Harry Melling plays the head of the company.
It’s singularly one of the worst villain performances ever. Melling is playing the young Pharma bro evil mastermind only he’s dressed like Pee-Wee Herman (“Playhouse” not South Trail Cinema) and he’s so silly it’s hard to believe anyone could keep a straight face during the scenes. Though most of Melling’s supporting cast is bad. Actually, all of them.
Head of security Joey Ansah is a martial arts guy. He’s never good but at least he can do his fight stuff in the end. Whereas evil scientist Anamaria Marinca is just… bad.
What’s disconcerting is how the casting is otherwise good.

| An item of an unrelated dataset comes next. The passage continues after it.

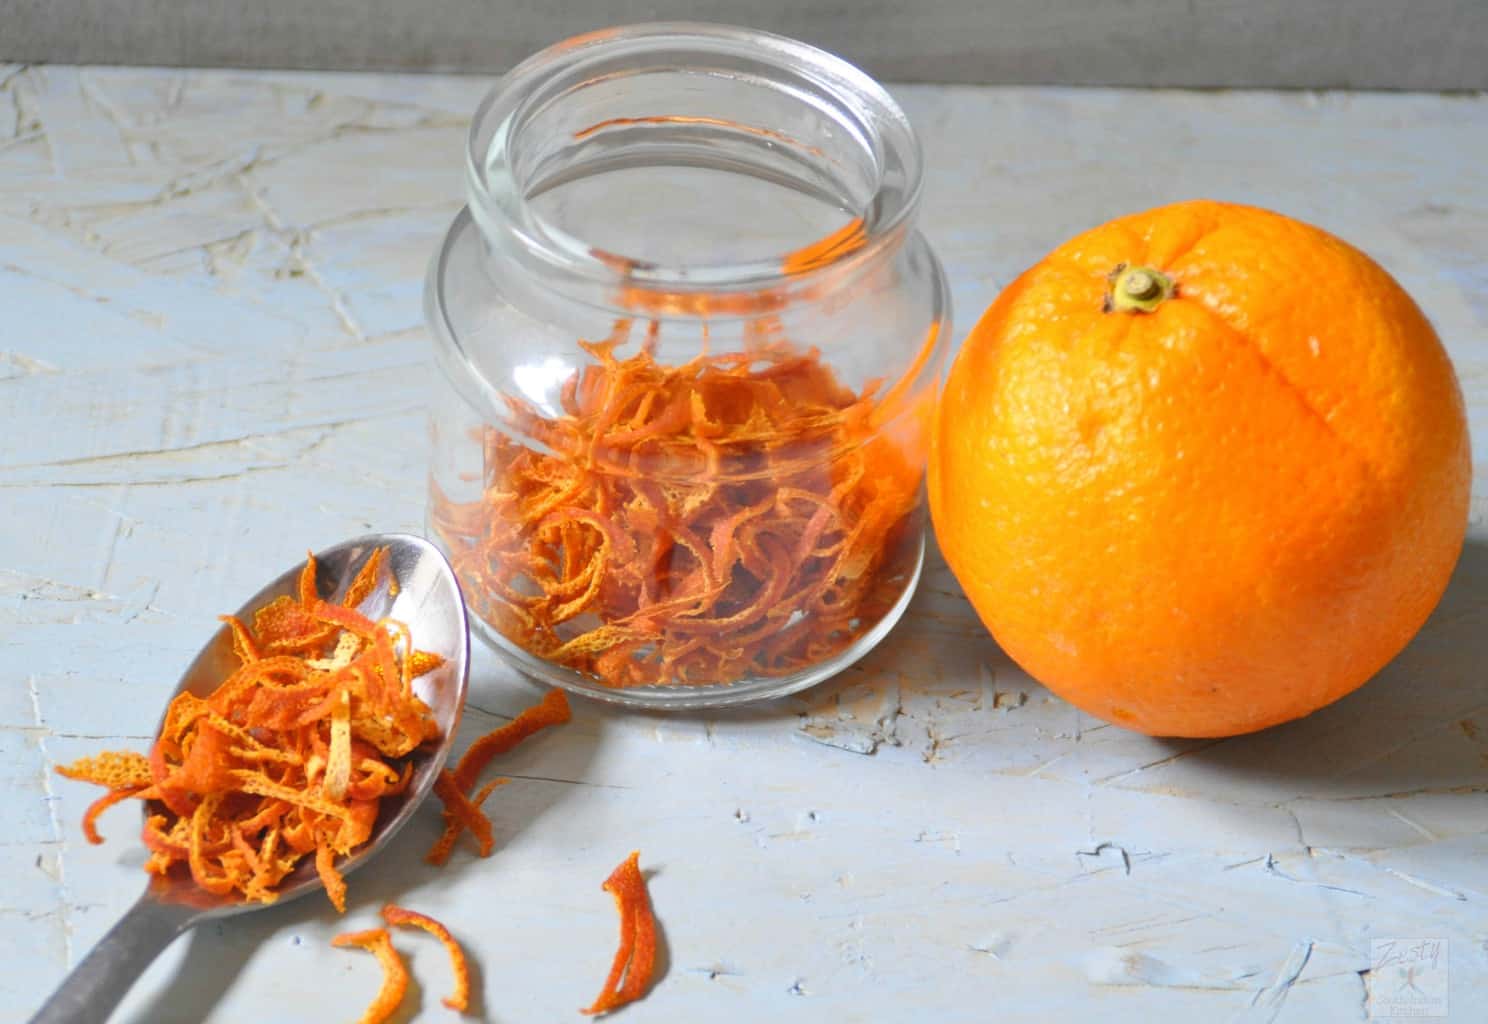 10 Amazing Ways To Use Orange Peels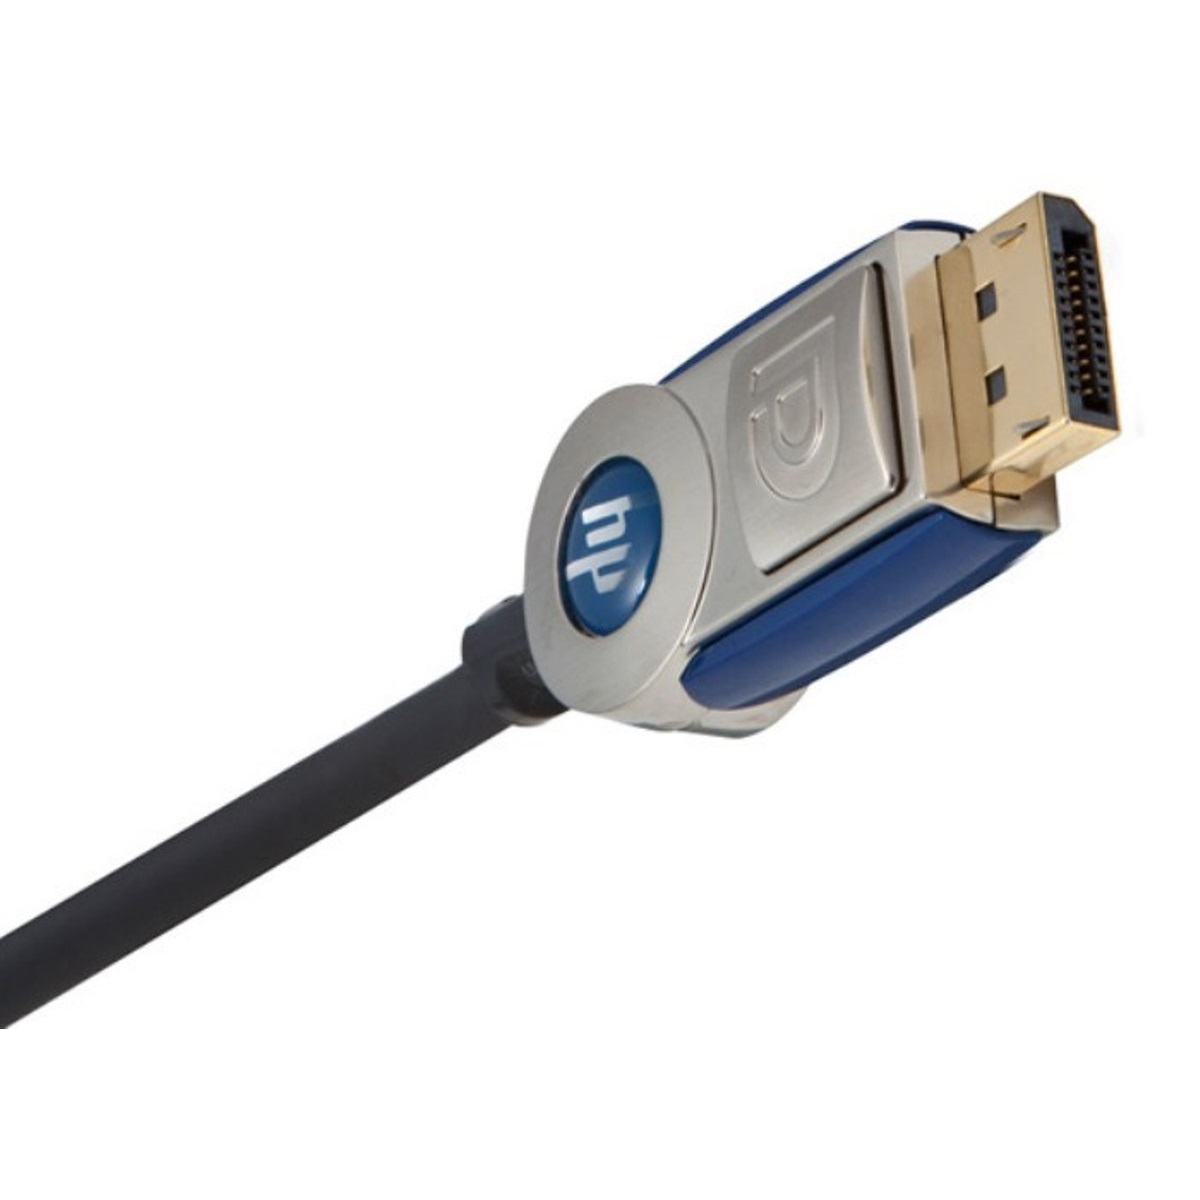 HP 4,8m Kabel, Displayport Schwarz MONSTER Displayport-Kabel CABLE

Layne’s fellow Marines—Mette Towley and Natacha Karam—they’re solid. Until that plot line goes bad—Rucka—a movie with them in it more had a lot of potential.
So the leads.
Theron’s as close to bad—due to abject disinterest in anything other than her hand-to-hand scenes, not even the gun fight scenes, which are fine other than that terrible soundtrack–that disinterest is even more concerning given Theron produced the film (which means she’s hit that stage of Eighties Eastwood stage of career)—without every actually being bad. She shows some personality a handful of times, but there’s really no call for it because there’s not really any significant character development because….
Rucka.
Layne’s got some really good moments and she’s always appealing but Old Guard isn’t supposed to be a pilot movie or even a TV movie to test out how Layne does on Netflix, it’s supposed to be a good part. And it’s not a good part. No one’s got a good part.
Well, Schoenaerts. Except his performance is the same Schoenaerts head-shaking and looking off into the distance thing he always does, just immortal this time. He’s likable though. Be fun to see in the sequel. Maybe.
Kenzari’s great. Marinelli’s fine. Chiwetel Ejiofor hopefully bought something nice.
Prince-Bythewood’s direction is fine. The action scenes would’ve been good without the terrible soundtrack. The Old Guard’s not her fault (I mean, I don’t know about the soundtrack but I sincerely hope it wasn’t her idea); the direction’s fine otherwise. The action scenes are anomalies. When scenes otherwise go wrong, it’s because of the script.
Though there are a handful of nice moments in Rucka’s script; until the third act, it really seems like Old Guard’s going to make it through. And then it doesn’t.
Because Rucka’s cheap and obvious, Melling is atrocious, and the soundtrack is painfully exasperating.